Изменить стиль страницы

— Говорил, — подтвердила Фло. — Бедный папочка.

— Интересно, почему вдруг он говорил такие странные вещи, — сказала Мария. Ей не хотелось давить на детей, но было необходимо узнать подробности.

— А что тут странного? — спросил Саймон. — Он был прав — теперь она там, так ведь?
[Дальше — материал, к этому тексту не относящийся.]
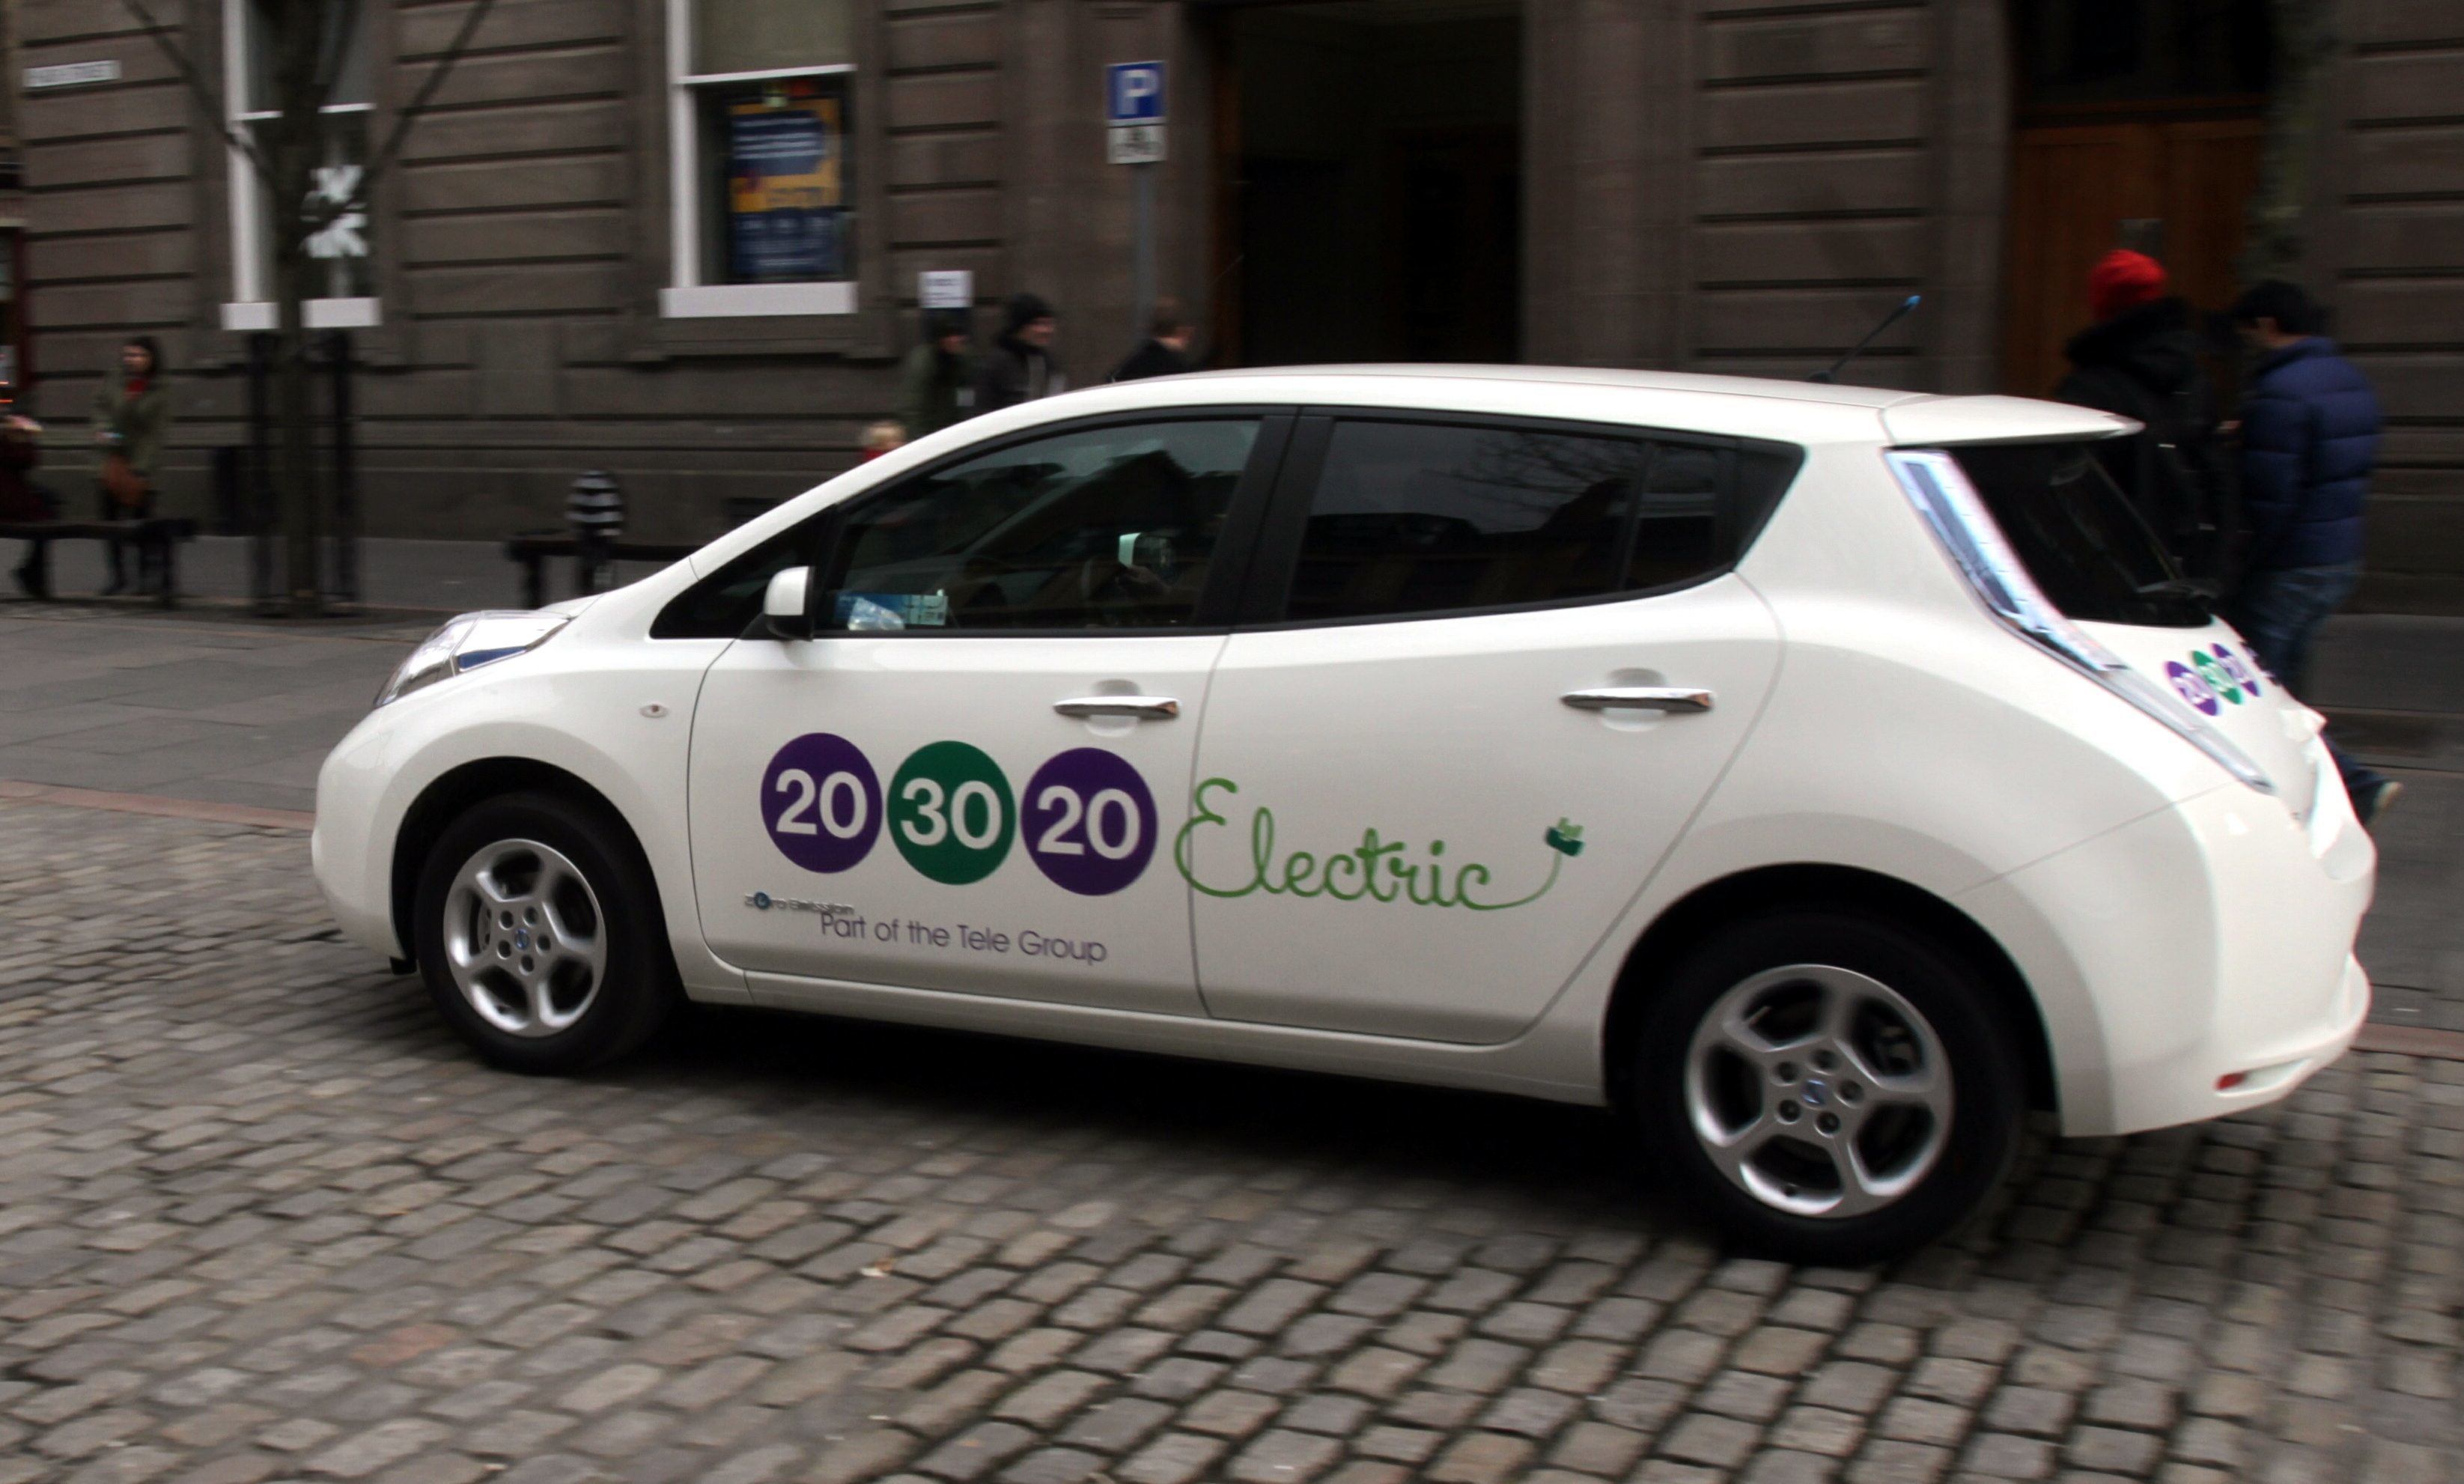 Dundee taxi firm now making drivers pay to charge their electric cars

— Она очень вас любит, — сказала Мария.

— Ага, любит, — произнес Саймон, упершись взглядом в свои колени. Дети были в пижамах; у мальчика она была фланелевая, с нарисованными динозаврами, и он пальцем ковырял дырку, начинавшуюся возле головы стегозавра.

— Конечно, любит, — повторила Мария, потрясенная его тоном.

Саймон повернул голову и скривил рот в лукавой ухмылке.

— Я знаю, — добавил он. — Я же сказал: «Ага, любит».

От его слов у Марии мурашки пробежали по спине. Она с ужасом думала о том, чему ее племянники стали невольными свидетелями. Боб Фредериксон, окружной прокурор, который учился с Софи в одном классе, сообщил Питеру, что в Гордона пять раз выстрелили из револьвера 38-го калибра, потом выбросили тело из окна и несколько раз проехали по нему колесами автомобиля. Револьвер полицейские пока не нашли, однако они были уверены, что это было оружие Гордона, которое он хранил в тумбочке возле кровати. Софи ни в чем не сознавалась и пока что находилась в тюремном медицинском изоляторе: у нее был вывих плеча, растяжение связок кисти и множественные ушибы на теле.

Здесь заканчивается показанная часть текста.